[R-sig-ME] Variance estimate at 0 with lmer - not with lme - issue or rounding ?
Douglas Bates
bates at stat.wisc.edu
Fri May 11 21:14:31 CEST 2012
On Fri, May 11, 2012 at 2:16 AM, nospamjehol-lists at yahoo.fr
<nospamjehol-lists at yahoo.fr> wrote:
> Hello all,
>
> I'm getting puzzled by the following:
>
> I'm fitting a simple hierarchical model with individual identity as random factor. Fitted with lmer (lme4 package) the result look like this:
>
> Formula: response ~ some fixed effects + (1 | indiv)
> Random effects:
> Groups Name Variance Std.Dev.
> indiv (Intercept) 0.0000 0.0000
> Residual 1.4802 1.2166
> Number of obs: 116, groups: name, 69
>
> The variance estimate for individuals is a perfect 0 (which is always suspicious...and maybe an indication of problem in data distribution across effects)

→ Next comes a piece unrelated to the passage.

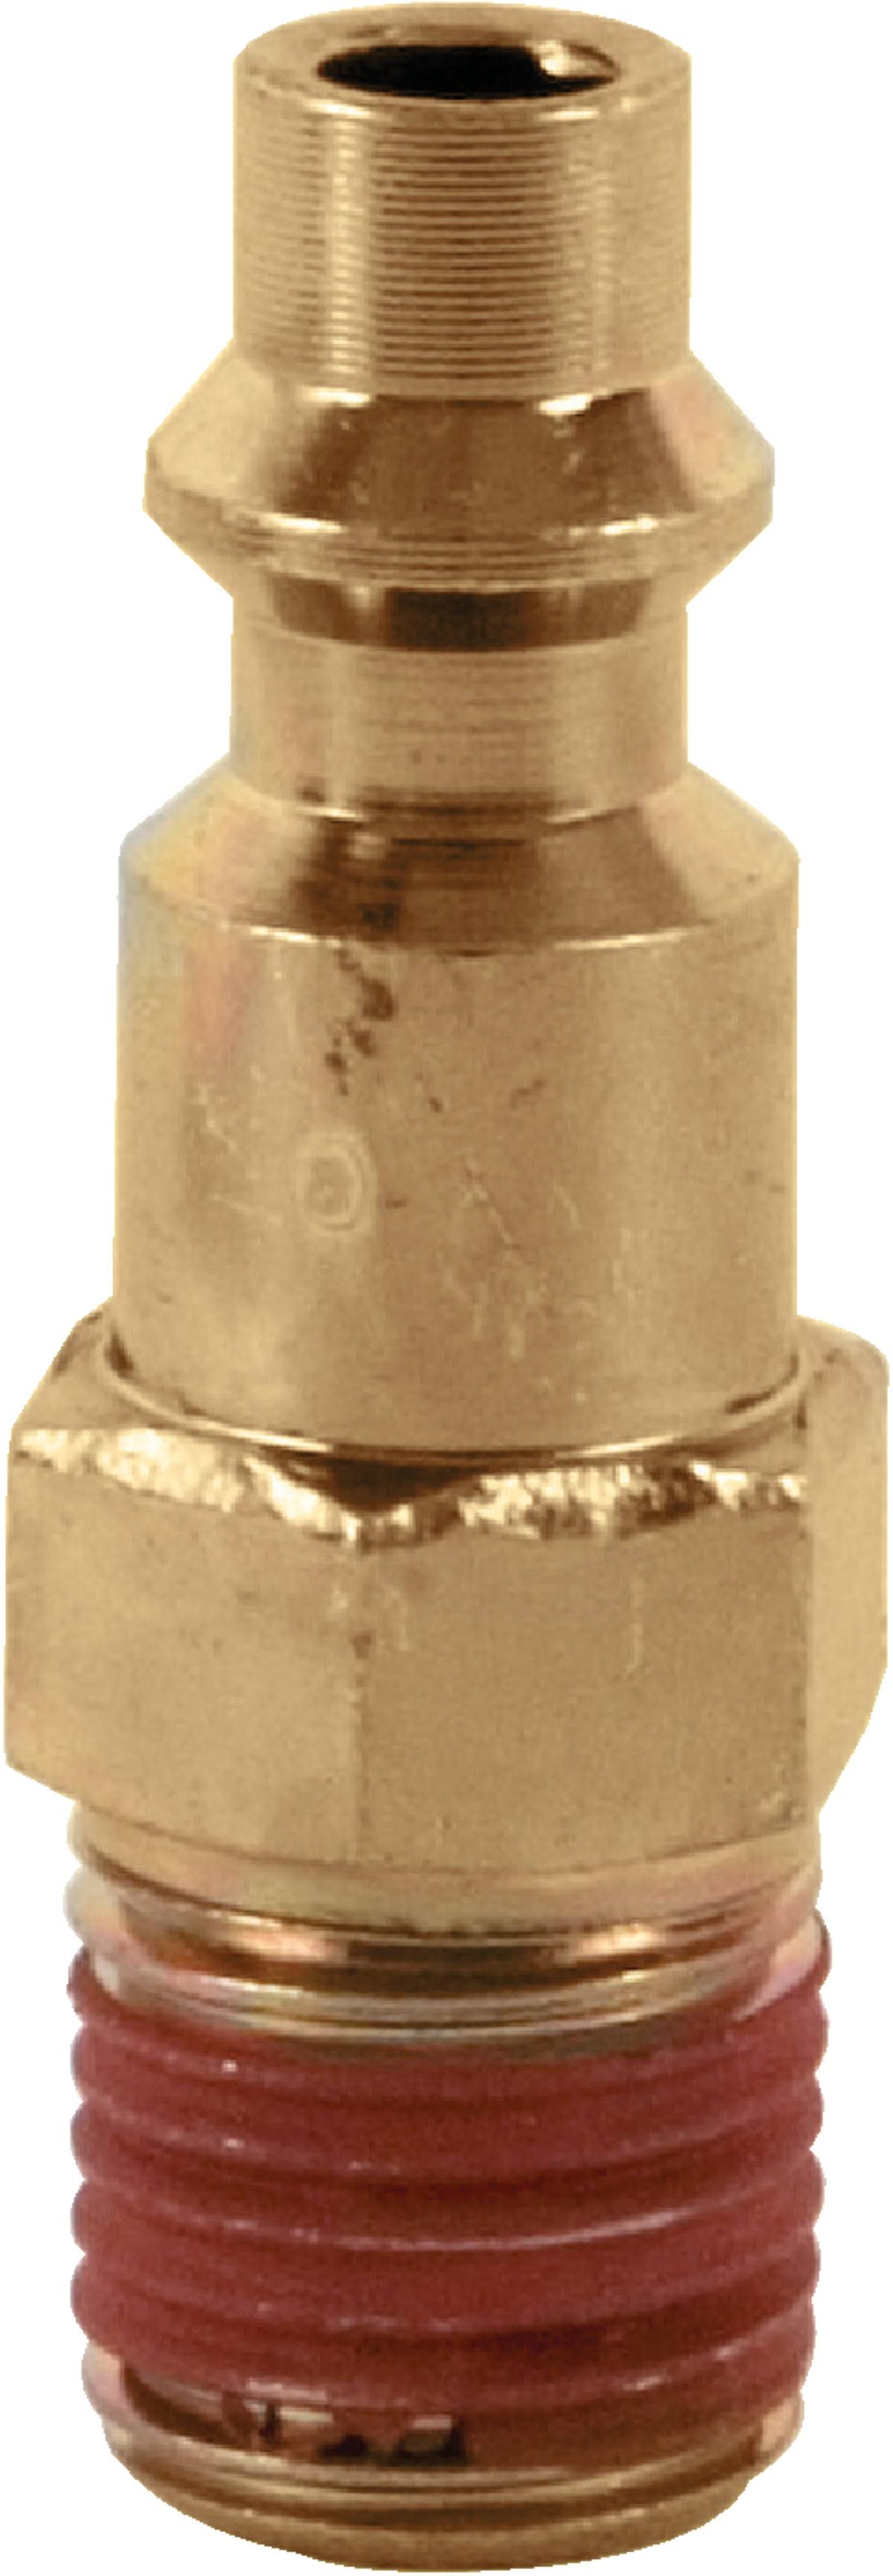 Bostitch BTFP72318 Industrial Air Tool Plug - 1/4"

No, an estimate of zero is not suspicious. It is simply an indication
that the variability between individuals is not significantly larger
than what one would expect from the random variability in the
response. (By the way, is that really the output from the model fit
because the name "name" in the last line should be "indiv".)

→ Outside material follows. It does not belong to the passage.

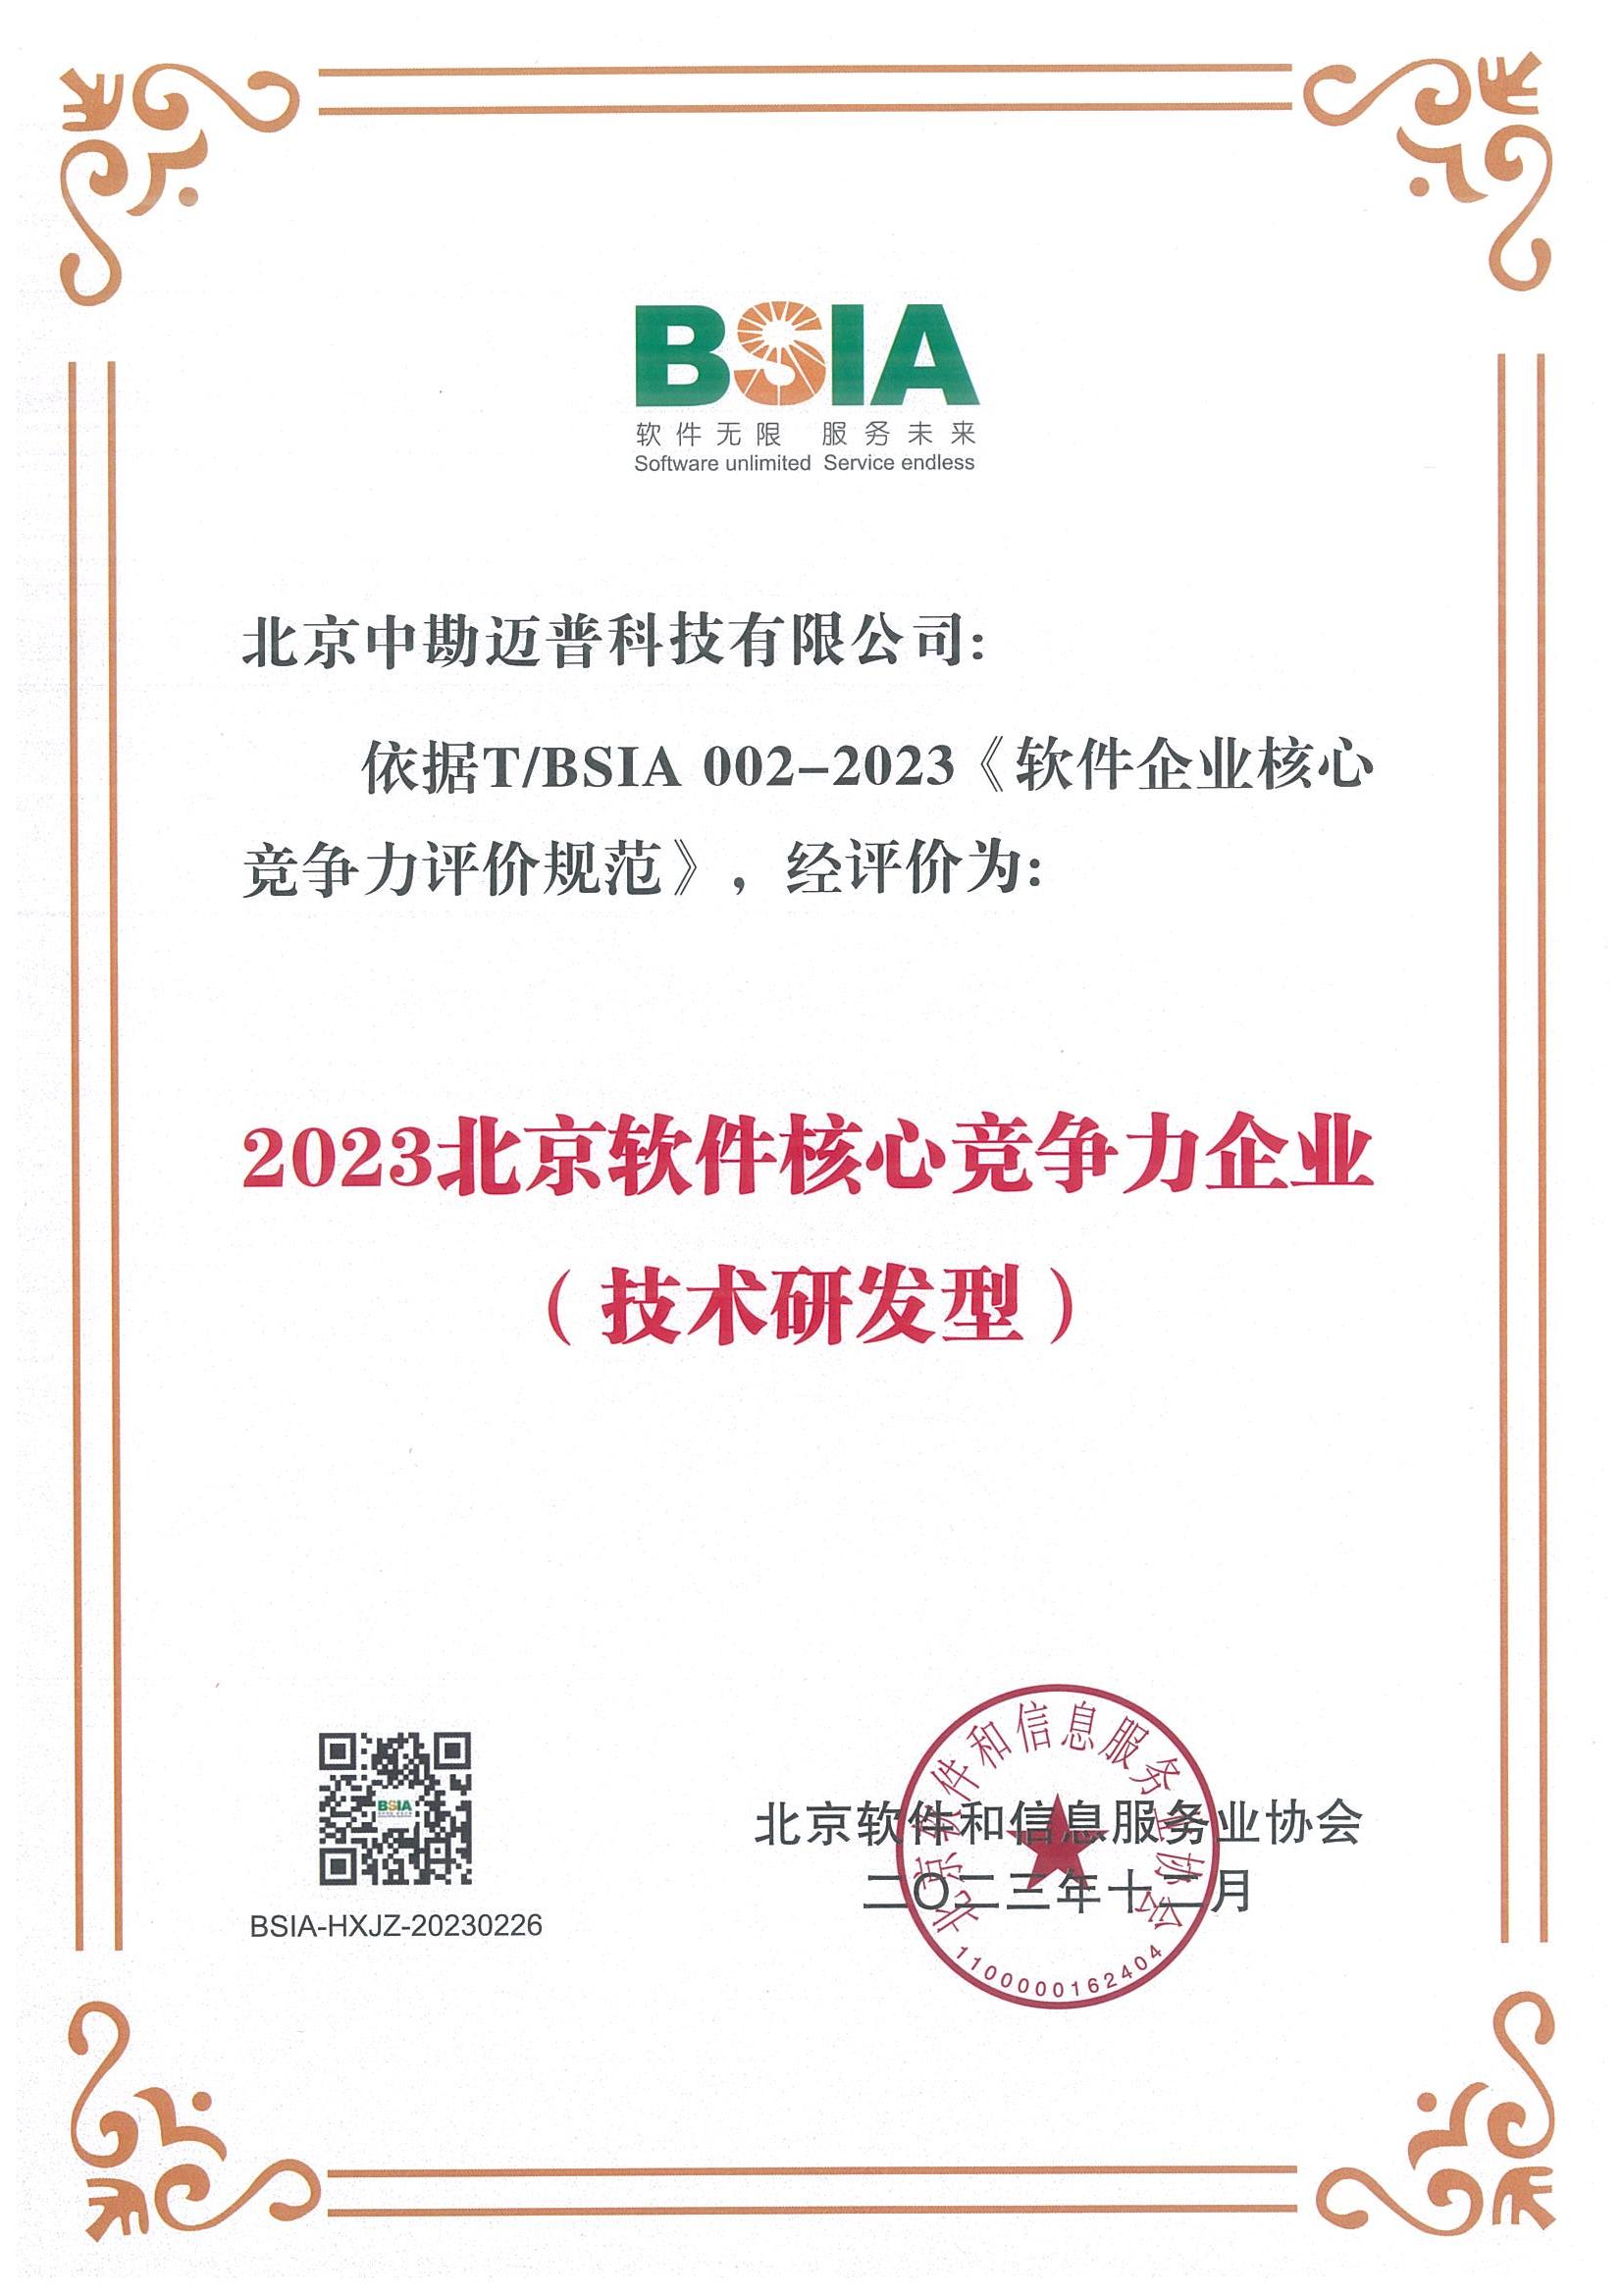 【公司资质】2023年北京软件核心竞争力企业（技术研发型）.jpg

> I then fitted the model with lme (in nlme package) and got:
> Formula: lme(fixed=response ~ some fixed effects,random= ~ 1 | indiv)
> Random effects:
> Formula: ~1 | indiv
> (Intercept) Residual
> StdDev: 9.796623e-05 1.2166
> which I agree is a (very) small variance estimate but is less suspicious.
One of the internal differences between lme and lmer is that the
variance component estimates in lmer can go to zero gracefully whereas
in lme they can't because lme works on the scale of the logarithm of
the relative standard deviation. It took a long time to figure out
how to solve the "going to zero gracefully" problem.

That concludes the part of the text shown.